While China’s health system has come under heavy stress from the lifting of restrictions so far, strategists at JP Morgan forecast a “likely infection peak” during the Lunar New Year holiday next month, followed by a “cyclical upturn after nearly three years of on and off restrictions.”

“What people are underestimating is the fact that the second largest economy in the world is now reopening and all that economic activity is going to benefit the U.S.,” said Thomas Hayes, chairman at Great Hill Capital LLC in New York.

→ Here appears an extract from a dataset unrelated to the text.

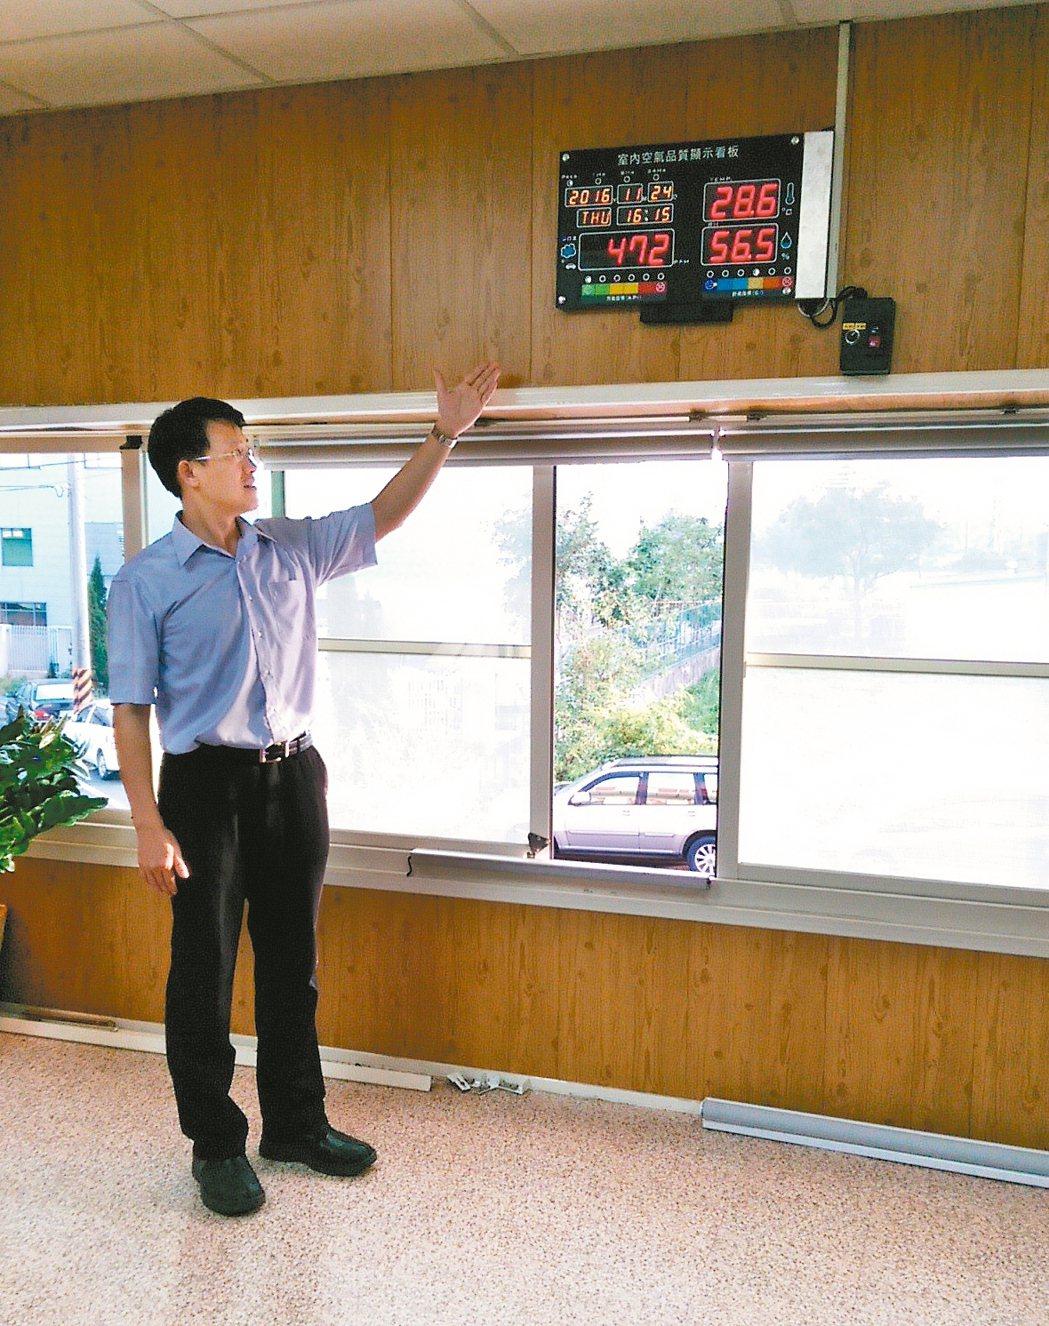 銘祥科技總經理楊俊銘表示,JNC智能開窗機自動偵測危險,自動開窗通風。 莊智強/...

“The speed at which they have reversed their stance has caught people off guard. People are sceptical because the last two years have been such a debacle in China.”

The Dow Jones Industrial Average (.DJI) fell 56.22 points, or 0.17%, to 33,185.34, the S&P 500 (.SPX) lost 8.81 points, or 0.23%, to 3,820.44 and the Nasdaq Composite (.IXIC) dropped 29.01 points, or 0.28%, to 10,324.21.

The pan-European STOXX 600 index (.STOXX) lost 0.05% and MSCI’s gauge of stocks across the globe (.MIWD00000PUS) shed 0.23%.

In Treasuries, benchmark 10-year notes were up 1.5 basis points to 3.873%, from 3.858% late on Tuesday. The 30-year bond was last up 2.3 basis points to yield 3.9657%, from 3.943%. The 2-year note was last was down 1.3 basis points to yield 4.3553%, from 4.368%.

“If the 10-year gets to 4% the floodgates are going to open, there will be a lot of buying at that level,” said Jay Sommariva, managing partner and chief of asset management at Fort Pitt Capital Group in Pittsburgh.

“That is really not that far considering you went from a 3.41% to a 3.862%, that is a major move, so 15 basis points on top of that the floodgates will probably open at that point and you will see an enormous amount of buying there.”

In currencies, the dollar index rose 0.048%, with the euro down 0.08% to $1.063.

The Japanese yen weakened 0.45% versus the greenback at 134.08 per dollar, while sterling was last trading at $1.2068, up 0.39% on the day.

Oil prices dipped as traders weighed concerns over the surge in COVID cases in China against the easing of restrictions in the world’s top oil importer, which had fuelled some hopes for a demand boost.

U.S. crude fell 2.34% to $77.67 per barrel and Brent was at $82.29, down 2.42% on the day.

Gold prices on Wednesday edged lower from the last session’s six-month peak on short-term profit taking.

Spot gold dropped 0.7% to $1,800.79 an ounce. U.S. gold futures fell 0.64% to $1,803.10 an ounce.